Daniel Tobin’s book of poems, Where the World is Made, won the 1998 Bakeless Prize. He is also the author of a critical study, Passage to the Center: Imagination and the Sacred in the Poetry of Seamus Heaney. His work has appeared in many journals, among them Poetry, The Paris Review, The Nation, Ploughshares, Doubletake, and The Tampa Review. His poems have been anthologized in The Bread Loaf Anthology of New American Poets, Urban Nature, and The 1996/97 Yearbook of American Poetry and Anthology of Magazine Verse. His awards include The Discover/The Nation Award, The Robert Frost Fellowship from the Breadloaf Writers’ Conference, and a Creative Writing Fellowship from the National Endowment for the Arts.
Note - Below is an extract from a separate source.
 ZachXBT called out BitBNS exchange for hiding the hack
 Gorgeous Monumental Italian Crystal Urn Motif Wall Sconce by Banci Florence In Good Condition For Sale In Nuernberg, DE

He currently teaches at Carthage College and at The Program for Writers at Warren Wilson College.

 

Kathrine Varnes, "Her Ex-Husband’s Choir in Seven Voices" and “Job Search:  On the 56th Day of Year Three”

Biographical Note

            Kathrine Varnes recently moved from Delaware to Columbia, Missouri, where she teaches, writes, and gardens.  Her poems and essays have appeared most recently in Slant, Poet Lore, College English, Antipodas, and After New Formalism.  In August 2000, she was featured on the Poet of the Month site edited by Mark Jarman and John Canaday (http://members.aol.com/poetrynet/month/)

 

Donald Mace Williams, "Wind"

Biographical Note

Donald Mace Williams is a retired newspaper reporter and editor. He lives in Canyon, Texas, where in the early 1970s he taught English at what is now West Texas A&M University. He is the author of Interlude in Umbarger: Italian POWs and a Texas Church, and his poems have been published in Western Humanities Review and North Dakota Review.

 

Carolyne Wright, "Last Dream in Peru"

 Biographical Note

            Carolyne Wright’s new collection, Seasons of Mangoes and Brainfire, won the 1999 Blue Lynx House Press (selected by Yusef Komunyakaa), and was published by Lunx House Press in 2000.  Other titles include Premonitions of an Uneasy Guest (AWP Award Series) and From a White Woman’s Journal (Water Mark); a collection of essays, A Choice of Fidelities: Lectures and Readings from a Writer’s Life; and three volumes of poetry in translation from Spanish to Bengali.  Wright is working on an investigative memoir of her experiences in Chile during the presidency of Salvador Allende, The Road to Isla Negra, which has received the PEN/Jerard Fund Award and the Crossing Boundaries Award from International Quarterly.  Wright has received awards from the National Endowment for the Arts, the Poetry Society of America, and the New York State Council on the Arts.  In 2000-2001, she is serving as Writer-in-Residence at the University of Central Oklahoma.

 

Photography

 John Hodges, “Holding Things” 

Boy Holding Basketball with Two Hands

     In Chicago I thought, What's Chicago if I don't see the South Side, so I took the train, got off, walked across a lot and asked this boy if I could take his picture.  He didn't say anything, but stood like that frozen.  As I walked down another street, a police officer pulled over and shook his head.  Get in, he said and drove me to the city, pointing out the El Rukin gang house along the way.  It was neatly-shaped with moons and stars on it, and the cop said, You're lucky, this favor, he said.  He didn't want to help me out on an ambulance call which was where I was heading.

 Biographical Note

            John Hodges has published photographs and fiction in various journals, including Apalachee Quarterly, Alabama Literary Review, Witness, Coe Review, New Stone Circle, and Contact Sheet.  He currently attends Florida State University as a graduate student in creative writing.  His story, “Filet Mignon,” will appear in an upcoming issue of Mississippi Mud, which will include a CD-ROM on which he reads his story.